K-Means, Gaussian Mixtures, and the Expectation-Maximization Algorithm

K-Means, Gaussian Mixtures, and the Expectation-Maximization Algorithm#

K-Means Algorithm#

The k-Means algorithm is a specific example of the Expectation-Maximization (EM) algorithm In k-Means, there are two main steps:

  1. Expectation step - we freeze the current cluster centers or “prototypes” and assign each datapoint to a cluster that minimizes the sum of squared distances between the datapoint and the center of the assigner cluster

  2. Maximization step - we freeze the cluster membership and update the location of each cluster center We iterate between these two steps many times until the cluster memberships no longer change.

We can think of k-Means as a “hard clustering” algorithm where each datapoint belongs to exactly one cluster.

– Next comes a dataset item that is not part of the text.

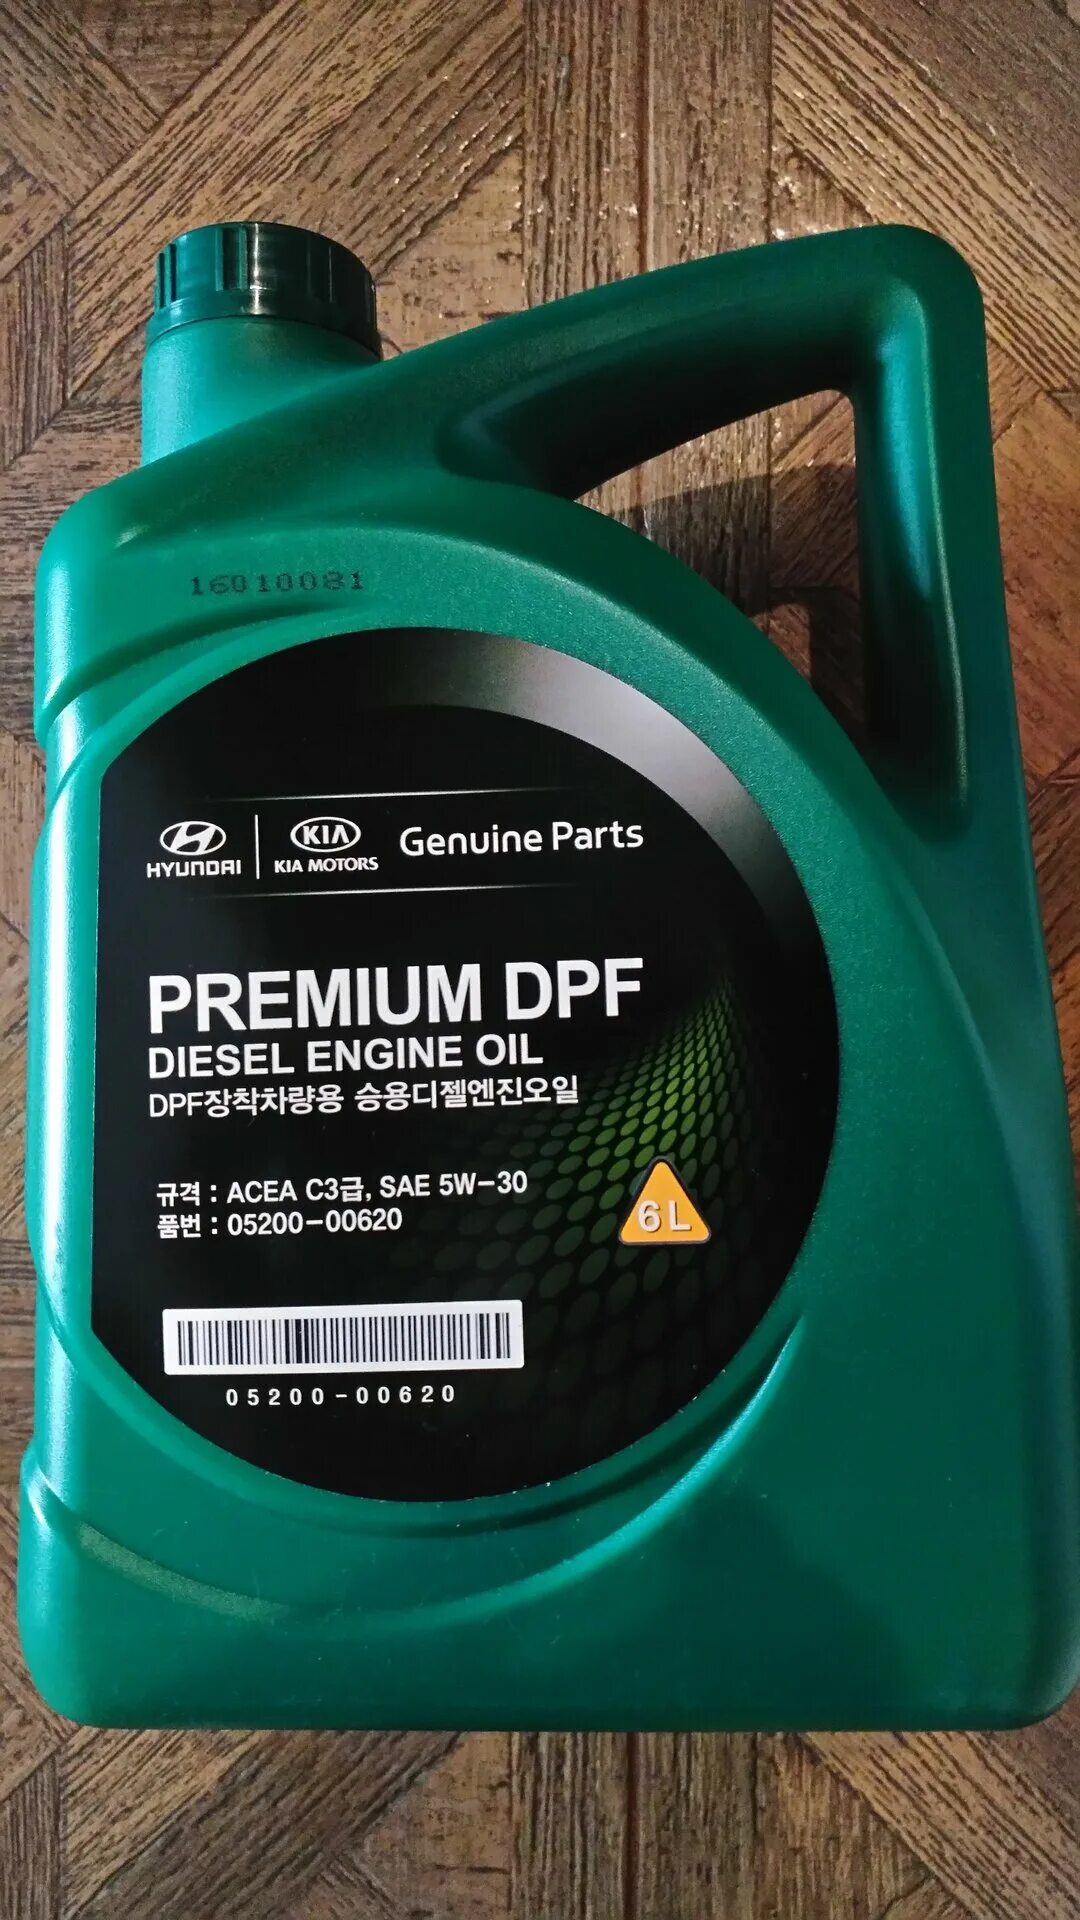 Моторное масло premium dpf diesel. Premium DPF Diesel 5w-30. Масло mobis Premium DPF Diesel 5w-30. Hyundai Kia Premium DPF 5w-30 6 л. Mobis Premium DPF Diesel 5w-30, 6 n.

We show an example of using K-Means algorithm for image compression, where we reduce the number of colors in an image. In this case, given a color image, our goal is to learn an encoding scheme such that we reduce the number of colors to only 10 colors.

We show how initially, we start with all 10 colors to have the same (0.5, 0.5, 0.5) RGB values. But K-means is able to quickly figure out to adjust the clusters into distinct colors. Thus allowing us to have an image that is similar to our original image but with much fewer colors.

In the animation below, we see how this happens using the EM algorithm we discussed above. We show how the compressed image changes over time and how the different clusters and cluster centers (red star), move over time to optimize the colors.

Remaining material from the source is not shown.